We all long for the verbal blessing of others. This longing starts early and continues all through our lives. Last night we were all lying in our bunks in a cabin where I was speaking at a family camp. The children were getting in their last squirms and giggles. When things were finally quiet I could hear Hope talking to mom.
“Mom, when are you going to teach me to cook?”
“Why do you want to learn to cook, Hope?”
“When I get married I need to know how to cook.”
Hope is five so I was a little surprised to find that she was already thinking about honing her homemaking skills.
Lois asked her, “Hope, what do you want to learn to make?”

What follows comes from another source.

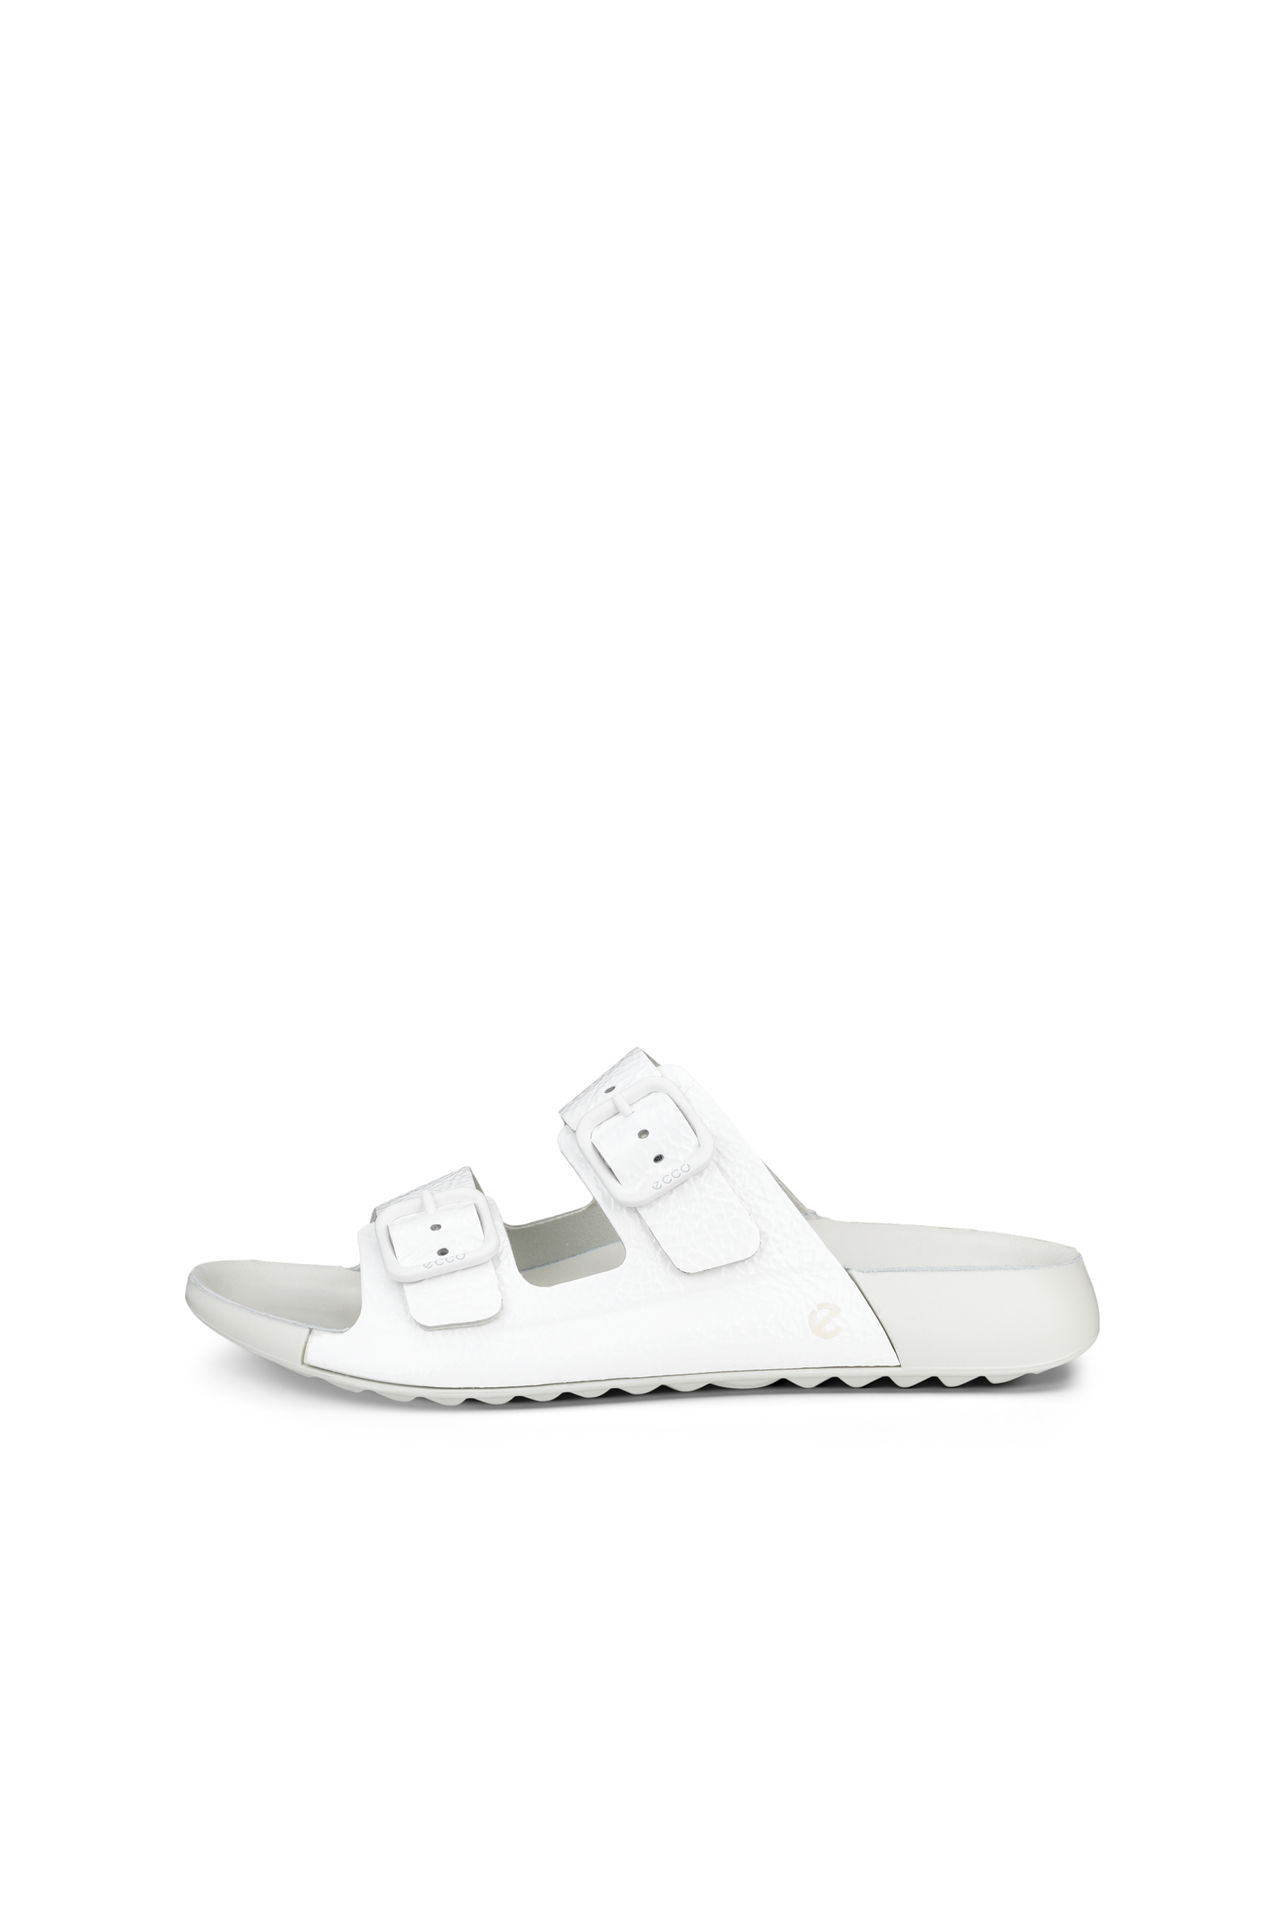 ECCO Cozmo Womens Sandal in bright white 206833 04002

Without hesitation she said, “I want to know how to make pies.”
I think Hope is going to make her husband very happy some day. Men appreciate women who take pie-making seriously.
The room fell silent for a moment and then Hope began to making sneezing sounds. She wasn’t really sneezing, she was pretending to sneeze. She “sneezed” three or four times and then she was quiet for a while. Finally she said with disgust, “Isn’t anybody going to bless me?”
Quickly out of the darkness voices came. All of Hope’s brothers and sisters and her mom and dad chimed in together to give her the blessing she asked for.
“Bless you, Hope. Bless you,” everyone said.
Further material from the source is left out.